5 Ways Yoga Can Help Postpartum Depression and Anxiety

There is nothing worse than going from the feelings of pure joy and complete satisfaction to fear and frustration—sometimes in a single day. Many women get postpartum depression or anxiety after their babies are born, and many women do not. Sometimes these feelings do not even set in until well into the first year of a baby's life. It is more common than you think for a new mom to feel intense anxiety, fear, frustration or sadness.

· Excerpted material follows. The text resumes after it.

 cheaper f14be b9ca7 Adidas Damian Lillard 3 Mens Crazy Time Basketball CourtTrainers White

The best we can do to prepare for any big change in our lives is to perform the practices of yoga, because our minds and our hearts will know what to do when the challenges begin to arise. These practices are intended to be sprinkled throughout the busy day of a mom. Taking between one and five minutes several times a day to center in can be a powerful practice, and should not be underestimated. Do what you can to take care of yourself on a daily basis, and just consider it part of your regular routine - along with changing diapers, preparing food and playing with your kids!

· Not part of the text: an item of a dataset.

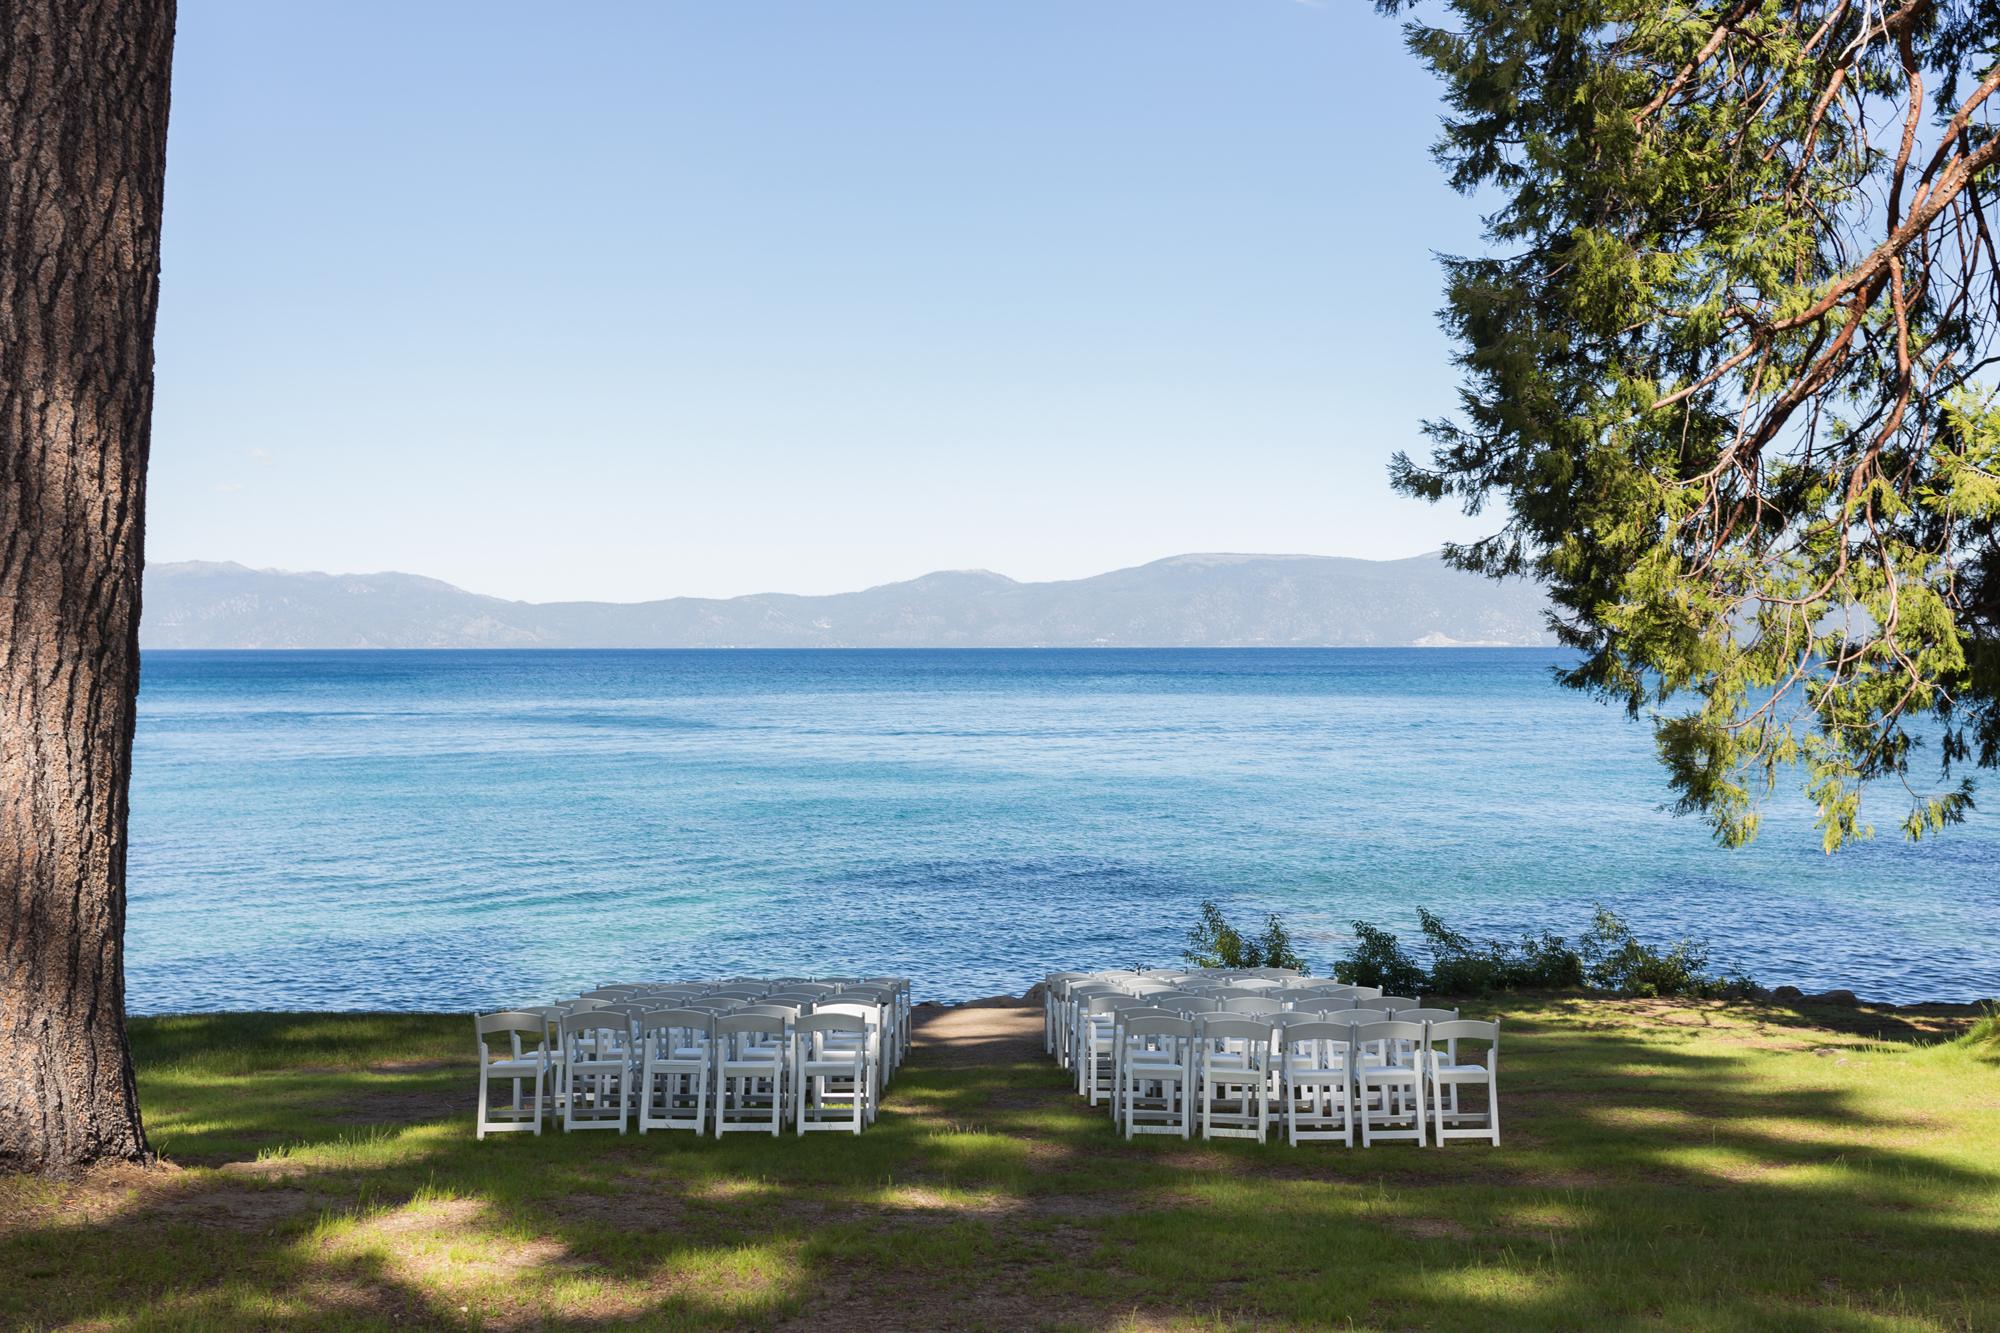 lake-tahoe-hellman-ehrman-mansion-wedding-lilouette-009.jpg

1. Breathe. Performing any type of breathwork can be extremely valuable to have in your toolbox when things start to get overwhelming. It is important to understand that you do not need to have tons of time on your hands in order to practice breathwork. You can breathe with intent for ten seconds and it could help change your perspective. Try this: Close your eyes. Focus on drawing the breath into the belly, expanding the belly as much as you can. On the exhale, release any held tension in the shoulders, eyes, jaw and forehead. Take 5 - 10 breaths.

2. Focus. Here I use the word focus, because it is much less intimidating than the word meditation. But really, I am asking you to do a few minutes of meditation. Try this: Close your eyes, and draw your attention to your third eye (the space between the eyebrows). Begin to pour your awareness into that space, perhaps visualizing an orb of white light resting there. Breathe consciously into this orb, perhaps expanding it. Take 5 - 10 breaths.

3. Love. Love is everywhere. You do not have to see it all of the time, but just know that it is there. Take the time to seek out love - in your child's face, in the sounds of nature, in the changing colours of the sky. Seek out love, and enjoy the sensations of it. Use the memories of love to bring you into that vibration when you begin to feel anxious, sad or lonely. Try this: Draw a heart in red crayon and write down the things you love inside. Tack it up somewhere so you can see it often.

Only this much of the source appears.